Your goal - In this exercise, write out the data word for word and leave every image out.

Provided data -
+++++

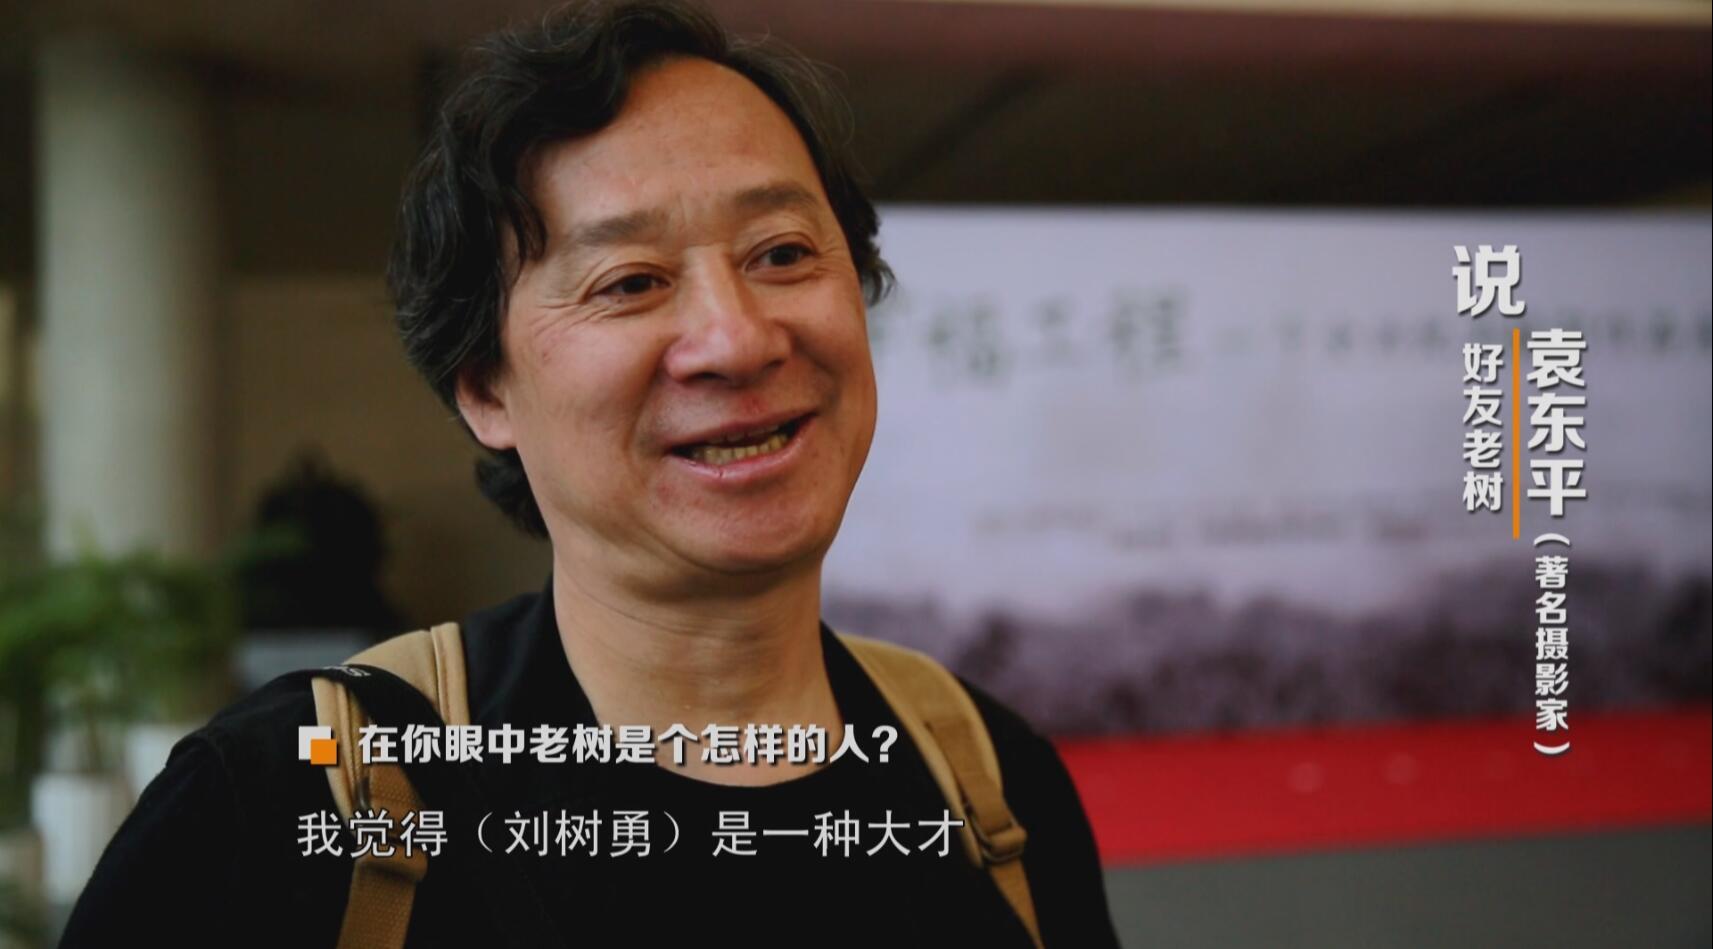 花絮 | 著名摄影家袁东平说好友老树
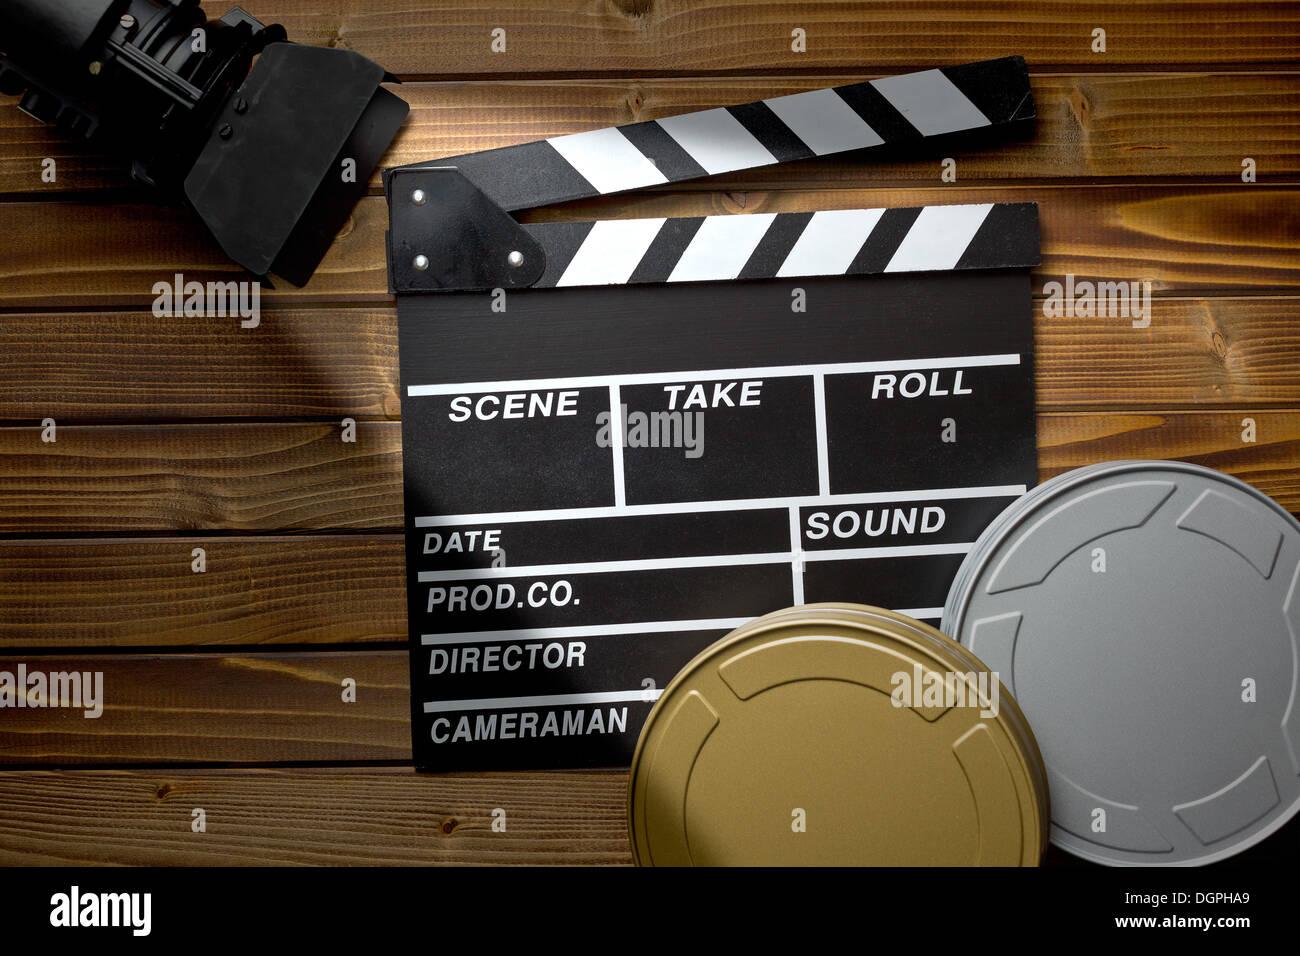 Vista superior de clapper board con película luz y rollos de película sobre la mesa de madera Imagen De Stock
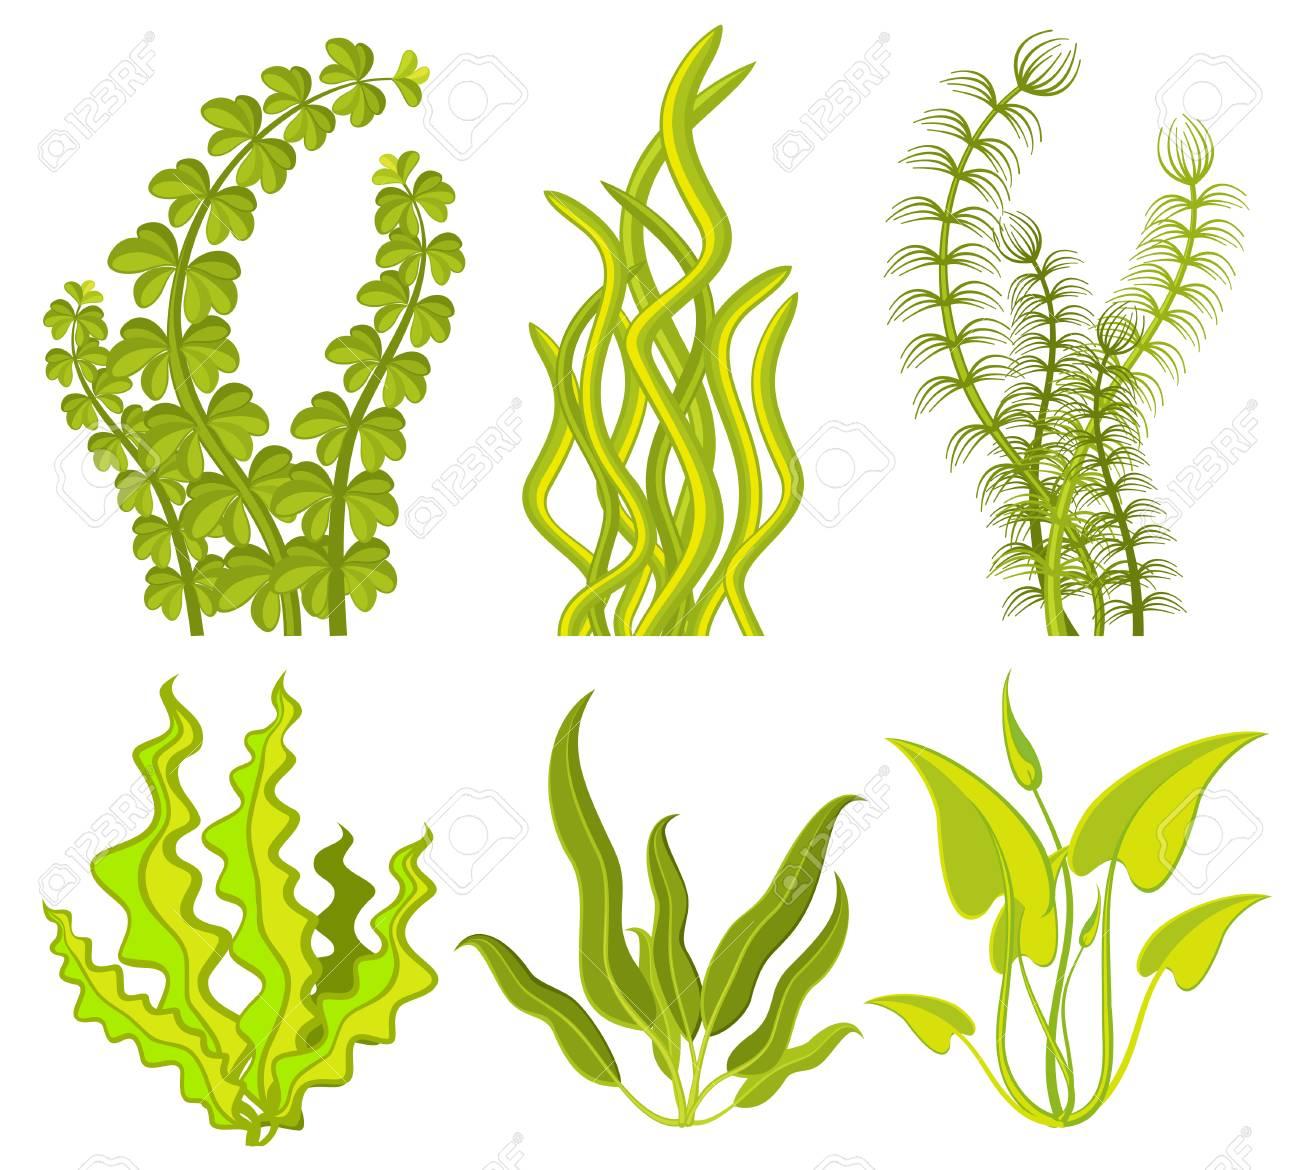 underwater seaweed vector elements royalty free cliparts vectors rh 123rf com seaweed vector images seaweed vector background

+++++

Response to the task -
 花絮 | 著名摄影家袁东平说好友老树
 Vista superior de clapper board con película luz y rollos de película sobre la mesa de madera Imagen De Stock
 underwater seaweed vector elements royalty free cliparts vectors rh 123rf com seaweed vector images seaweed vector background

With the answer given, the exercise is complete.